Select File > Export from the Vulcan menu. In the Export panel select ASCII as the file format and Design Strings as the File Type.
|Use the 'ASCII' File Format to export CAD points from Vulcan objects.|
In the ‘Export to ASCII’ panel (the first of two panels with the same name) select the CSV radio button and type in a name for the new CSV file that we will be creating. Click ‘OK.’
|The first 'Export to ASCII' panel allows the user to specify a CSV file type and the name of the resulting file.|
The ‘Export to ASCII’ panel (why Vulcan has two panels with the exact same name is beyond me) has four sections to fill out:
- Description: This section is purely informational, it lists the file name and extension for the export results.
- File format: Specify the separating character. Typically a comma, although sometimes we use a ‘tab’ character if importing into an .xls or .xlsx file type. Use the characters '\T' to specify tab. Check the box ‘Write a file header.’ This will add a header line in the export file. If this box is not checked, the resulting CSV file will not have any information on which column is which.

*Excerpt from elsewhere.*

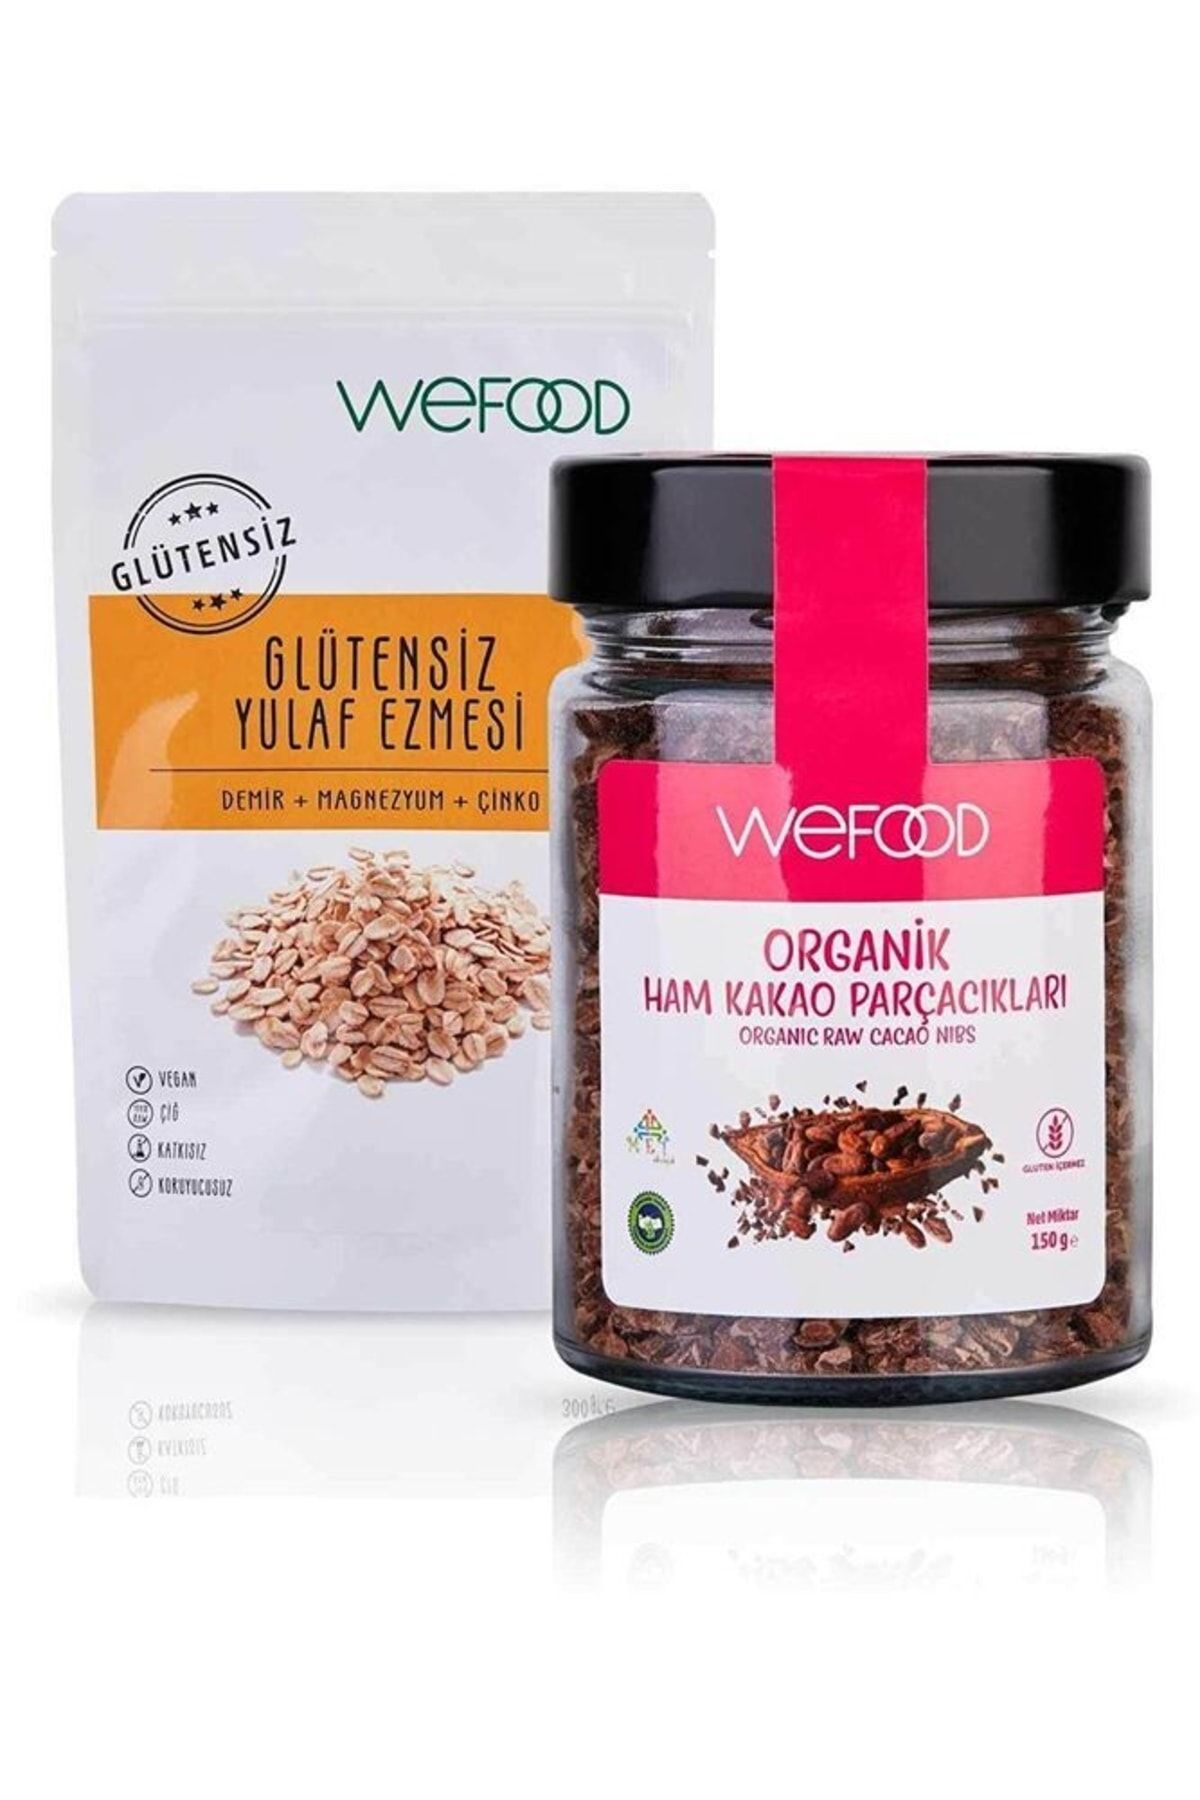 Wefood Glütensiz Yulaf Ezmesi 300 Gr + Organik Ham Kakao Parçacıkları 150 Gr Avantaj Seti
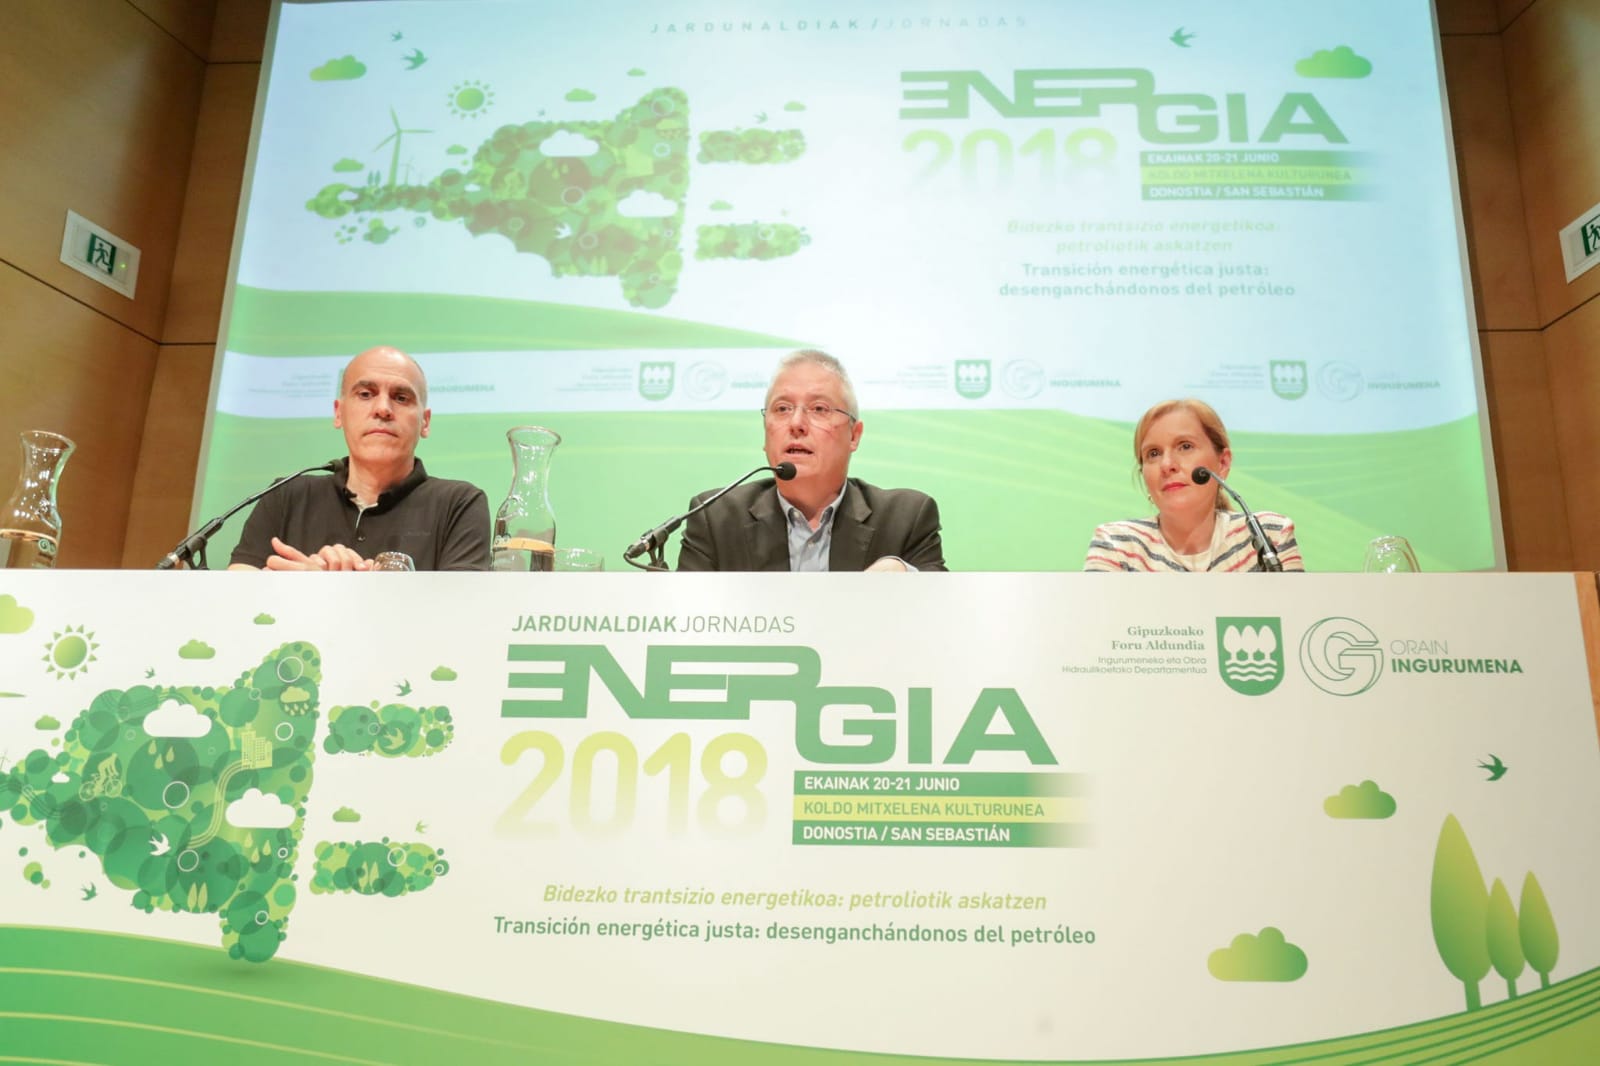 Las Jornadas de Energía analizarán cómo abordar la transición energética en Gipuzkoa

- Object header: Vulcan has the capability to add a line of header for the points in each object being exported. It has been my experience that if I am exporting more than one object at a time, Export > ASCII is not the way to do it. The CSV file for multiple objects gets really confusing really quickly. Don’t do it.
- Object points: This is the meat of the panel. Select the fields you want to populate in the CSV export. X, Y and Z fields are specified by default. I like to use Point Name instead of Point Number so that the points are more easily identifiable.
|The second 'Export to ASCII' panel specifies which fields will be populated in the resulting export file.|
Click ‘OK’ and select the data to export. Click ‘OK’ when Envisage tells you how many points have been exported and again when it tells you that the file has been successfully created. Click ‘Cancel’ to exit the Export panel and take a look at the file you have created.
In this format you can easily copy and paste the translated well coordinates to the original CSV file.